Among Rise Stevens’ greatest roles was the title character in Carmen in the 1950s, which she sang for 124 performances.
Rise Stevens also had a brief Hollywood film career in the 1940s, starring in Oscar-winning Bing Crosby film Going My Way.
The Metropolitan Opera called her “a consummate artist, treasured colleague, and devoted supporter of the company”.
Born Rise Steenberg on 11 June 1913, she first began singing at the age of 10 on a radio children’s hour in New York.
She received a scholarship to study at the renowned Julliard School and turned down an invitation to audition for the Met in 1935 – instead choosing to continue her training in Europe instead.
Rise Stevens made her professional opera debut in Prague, where she first showed her mastery in the role of Carmen, before joining the Met in 1938 on tour in Mignon.
Her first film role was in the Oscar-nominated 1941 film The Chocolate Soldier opposite Nelson Eddy, leading to her role in Bing Crosby’s Going My Way which won seven Oscars including best picture.
Rise Stevens turned her back on Hollywood shortly after because of her love for opera.
“I probably would never have reached that vast public had I not done films,” Rise Stevens had once said.
“At least, I won a lot of people over to opera.”
Among her other celebrated roles were Octavian in Der Rosenkavalier, Orfeo in Orfeo ed Euridice, Cherubino in The Marriage of Figaro and Dalila in Samson et Dalila.
Such was her skill, Lloyds of London insured her voice for $1 million in 1945.
Rise Stevens retired from performing opera in 1961, saying she wanted to bow out while she still had a great voice.
“It always bothered me, these great singers when I heard them again and again, remembering how magnificent they sounded once and no more,” she said.
Rise Stevens spent three years as director of the Met’s touring company.

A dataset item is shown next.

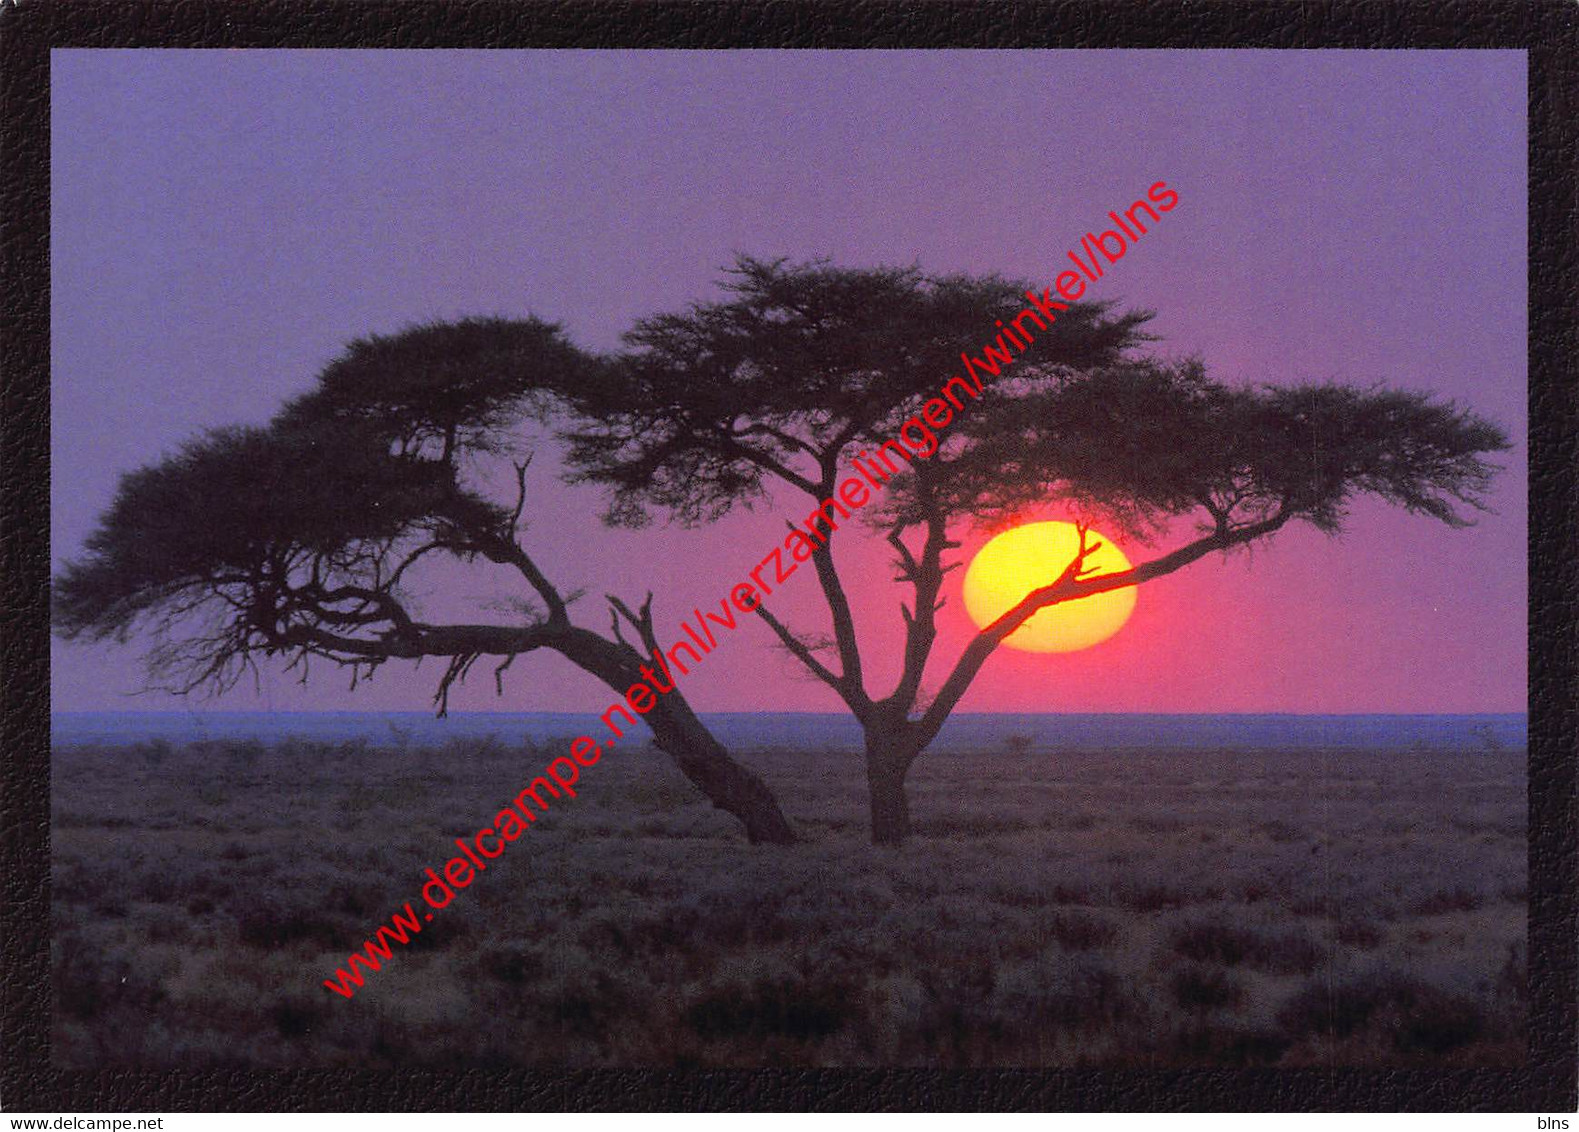 Namibia - Lone Acacia Tree At Sunrise In Etosha - Namibia

She was also a managing director of the Met, board member of the Metropolitan Opera Guild and president of the Mannes College of Music from 1975 to 1978.
She received the Kennedy Center Honour in 1990, where she was hailed as a singer “who raised the art of opera [in the US] to its highest level”.
Rise Stevens is survived by her son, the actor Nicholas Surovy, and a granddaughter.
Nicholas Surovy said a private memorial had been planned.